It says in Deuteronomy, ‘”You shall not plant for yourselves an asherah or any kind of tree beside the altar of the Lord thy God which (asher) you shall make for yourselves.” Are we to suppose that anywhere else it is permitted [to plant an Asherah]? [Of course not!] The truth is that the "hei" [the letter of God’s name that represents the feminine Divine] is called Asherah, after the name of its spouse, Asher, and the meaning of the verse is therefore: “You shall not plant another Asherah by the side of the altar which is established upon this[Asherah].” Observe that throughout the Scriptures the worshippers of the sun are called servants of Baal and the worshippers of the moon servants of Asherah; hence the combination “to Baal and Asherah.” If this is so (that Asherah is the name of the feminine aspect of God), why is it not used as a sacred name? The reason is that this name brings to mind the words of Leah, “happy am I, for the daughters will call me happy (ishruni),” but this one is not “called happy” by other nations, and another nation is set up in its place. It is written, “all that honored her despise her” (Lam. 1:8). But the real altar is one that is made of earth, as it is written, “An altar of earth you shall make for me.” That is why it says in Genesis, “dust from the earth.”

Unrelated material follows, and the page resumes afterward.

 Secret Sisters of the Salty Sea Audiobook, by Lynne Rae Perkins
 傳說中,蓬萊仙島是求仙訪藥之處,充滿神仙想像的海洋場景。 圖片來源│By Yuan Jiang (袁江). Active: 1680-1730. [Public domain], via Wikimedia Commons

כְּתִיב, (דברים טז) לֹא תִטַּע לְךָ אֲשֵׁרָה כָּל עֵץ אֵצֶל מִזְבַּח יְיָ אֱלֹהֶיךָ אֲשֶׁר תַּעֲשֶׂה לָּךְ. אֵצֶל מִזְבַּח, וְכִי לְעֵילָא מִנֵּיהּ אוֹ בְּאֲתַר אָחֳרָא מָאן שַׁרְיָיה. אֶלָּא הָא אוֹקִימְנָא (קפ''ב ע''ב) אֲשֶׁר דָּא בַּעֲלָהּ דְּאִתְּתָא (ד''א ה''א) אִתְקְרִיאַת עַל שׁוּם בַּעֲלָהּ אֲשֵׁרָה. (נ''א הה הם אשר ה''א) וְעַל דָּא כְּתִיב, (מלכים ב כג) לַבַּעַל וְלָאֲשֵׁרָה. בְּגִין כָּךְ כְּתִיב לא תִטַּע לְךָ אֲשֵׁרָה כָּל עֵץ אֵצֶל מִזְבַּח יְיָ אֱלקֶיךָ. לָקֳבֵל (נ''א אשרה) אֲתַר דְּהַהוּא מִזְבַּח יְיָ, דְּהָא מִזְבַּח יְיָ אִיהוּ קָיְימָא עַל דָּא, וְעַל דָּא לָקֳבְלָה לֹא תִטַּע לְךָ אֲשֵׁרָה אָחֳרָא.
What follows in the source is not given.